Аня оглянулась и увидела, как молодой охранник поскальзывается на мерных лентах, выловленных другим сотрудником из бассейна, и падает. Она засмеялась и бросилась в боковой проход между сиденьями, свернула в служебный коридор, в еще один. Тяжёлая от воды одежда мешала и путалась под ногами, за Аней по полу вилась дорожка из воды. Тело била дрожь, зубы стучали, в голове опустело.

На ходу Аня открыла телефон и подцепила фото на свою страницу в «Пороге». В плечо больно ударился косяк, заорала сигнализация, и тут что-то с силой толкнуло Аню в спину.

Она упала на бок — телефон отлетел в сторону, в локоть и бедро ударил небесно-голубой, в цвет волн, линолеум.

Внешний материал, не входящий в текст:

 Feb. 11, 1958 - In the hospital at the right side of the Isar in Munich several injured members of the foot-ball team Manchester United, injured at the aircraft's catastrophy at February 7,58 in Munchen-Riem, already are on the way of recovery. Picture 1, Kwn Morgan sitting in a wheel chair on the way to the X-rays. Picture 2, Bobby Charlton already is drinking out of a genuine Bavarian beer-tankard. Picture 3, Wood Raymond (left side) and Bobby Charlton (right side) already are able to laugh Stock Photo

Проскользив по нему по инерции, Аня с трудом развернулась и увидела пузатого охранника. Лицо его перекосило от ярости, он до боли заламывал Ане руки, хотя она даже не сопротивлялась.

— Посмотрим, как ты в полиции побегаешь!

Телефон Ани, лежащий на полу, бренькнул, и она выгнулась дельфином, чтобы посмотреть на экран. Высветилась надпись, что регистрация пройдена, и следом отобразилась страница Ани: пустой список выполненных заданий, пустой список друзей, рейтинг пользователей.

На первом месте висело фото Саши. Её красивое лицо перечёркивала лента, чёрная, как могильный гранит. Голову венчала нелепая золотая корона с недостижимыми для остальных двумя тысячами пятьюстами восьмью баллами.

#8. КОНСТАНТИН МИХАЙЛОВИЧ

Автоматические двери поскрипели и разъехались, в лицо подул прохладный ветерок. Константин Михайлович вышел из супермаркета на одноэтажную старокрымскую улочку, перехватил удобнее пакет с торчащими из него багетом и панамкой, закурил. Тёплый дым заполнил грудь, на сердце полегчало. Уже на ходу Константин Михайлович надел гигантские, как осиные гнезда, наушники, которые ему на пятидесятилетие подарили Слава и Аня. Казалось бы, дурацкий подарок для руководителя следственного отдела, но куда теперь без музыки? Без музыки — тоска, хтонь, увядание. Без музыки…

Константин Михайлович включил радио. Был перерыв между передачами, и играла песня: что-то западное, тяжеловатое. Константин Михайлович такое не любил, но голос вокалиста звучал приятно и бодрил шаг. Менять частоту не хотелось.

Позади осталась четырёхэтажная гимназия и банк, у халяльного магазина Константин Михайлович свернул на Горького и с удивлением заметил сына. Слава подпирал их забор из красного оргстекла и, как подросток, что-то бездумно тыкал в телефоне.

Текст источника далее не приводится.